Edward,

I think I've ran into a very similar issue while writing a custom interceptor. I simply catch the exception and log it when it happens, and this is what the log body looks like:

foo¤data¤1371126476.436¤0.005¤555¤10.1.1.1¤HTTP/1.1¤GET¤http¤vhost¤/path/url¤¤-¤200¤referrer.com/search/?query=\x8D\x91\x89\xEF\x8Bc\x8E\x96\x93\xB0¤-¤-¤-

I believe the query string here is the culprit (I know the ¤ character works fine in utf8). I think ideally there would be a way to take the \x8D\x91.. data and leave it as a literal string, but I currently don't know how to do that.

Thanks,
Allan


On Thu, Jun 13, 2013 at 12:13 PM, Edward Sargisson <esarge@pobox.com> wrote:
Hi Allan,
So it appears that flogger is simply grabbing standard input and put it into the body - which is fine.
Can you track the error down to a specific line in your input file? I would be interested to know how it is encoded.

Cheers,
Edward


"
Edward,

Flogger is available here:

I've forked it to accept multiple -t args, but it basically uses the legacy thrift/rpc protocol to add events from STDIN. Both the file_roll and HDFS sinks do not run into UTF-8 errors.
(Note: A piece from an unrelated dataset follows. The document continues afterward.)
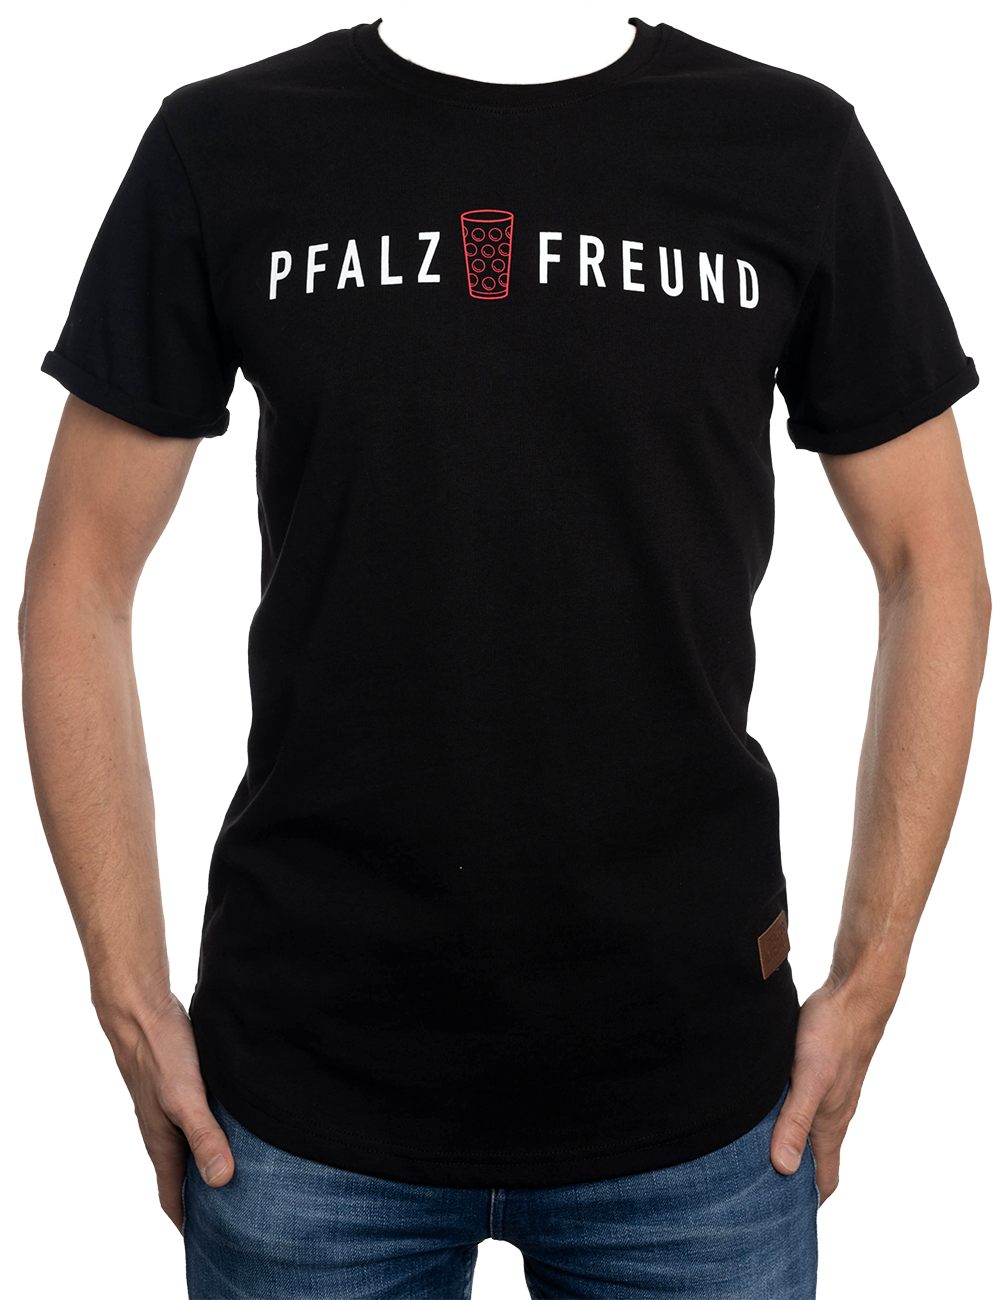 Herren T-Shirt "Pfalzfreund" - Pfälzer Freiheit

The architecture is basically tail | flogger -> local flume instance -> log processing flume instance -> { hdfs, file_roll, elasticsearch }. I can send specific configs if necessary, but it's all pretty standard as per the User Guide. 

Thanks,
Allan


On Wed, Jun 12, 2013 at 12:14 PM, Edward Sargisson <esarge@pobox.com> wrote:
Hi Allan,
I think I would run it a debugger and look at the buffer that way. You should be able to put

JAVA_OPTS="-agentlib:jdwp=transport=dt_socket,address=localhost:9009,server=y,suspend=n"

into your /etc/flume-ng/conf/flume-env.conf and then attach a debugger with a break point on org.apache.flume.sink.
elasticsearch.ElasticSearchSink.process(ElasticSearchSink.java:178)

You could try the file_roll sink but I'm not sure if it won't munge the character sets itself.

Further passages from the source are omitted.